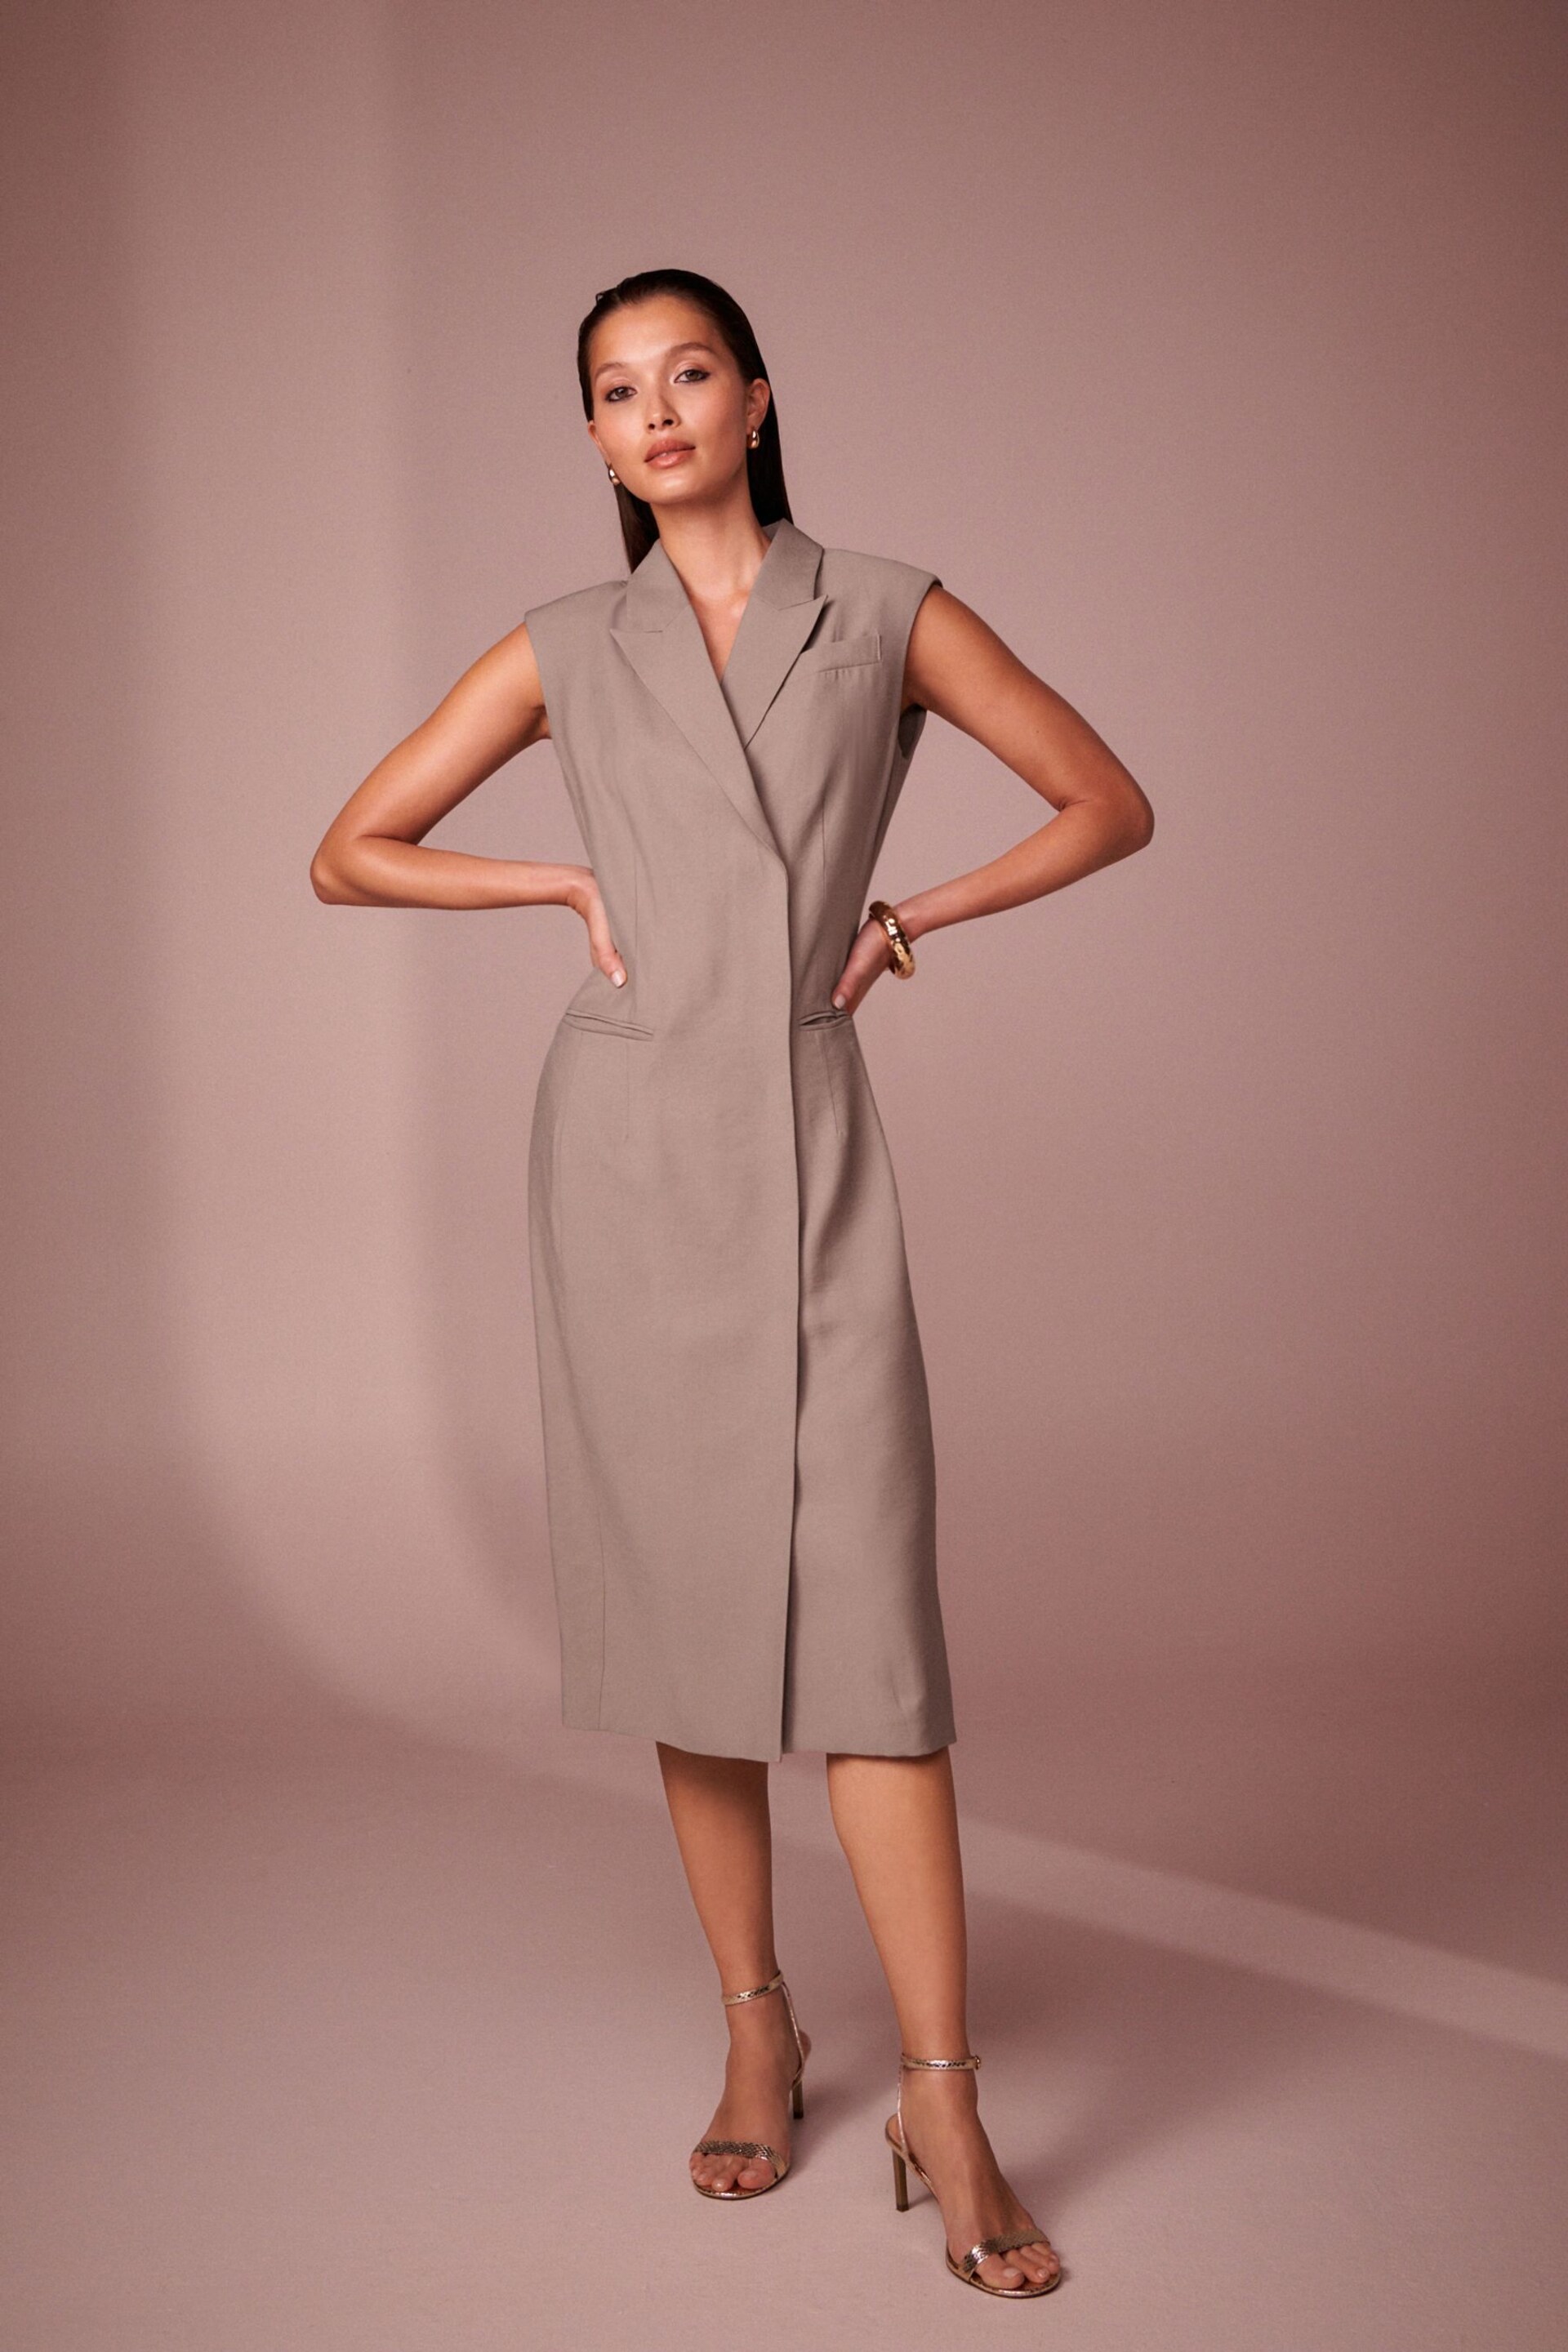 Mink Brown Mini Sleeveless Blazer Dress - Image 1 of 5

::::::

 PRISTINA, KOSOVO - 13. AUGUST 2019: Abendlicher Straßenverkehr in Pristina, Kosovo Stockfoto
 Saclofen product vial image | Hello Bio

::::::

What are the lines above, starting at the one with "PRISTINA, KOSOVO - 13." and ending at the one with "Saclofen product vial image | Hello Bio"? Give them again exactly, and only them.

 PRISTINA, KOSOVO - 13. AUGUST 2019: Abendlicher Straßenverkehr in Pristina, Kosovo Stockfoto
 Saclofen product vial image | Hello Bio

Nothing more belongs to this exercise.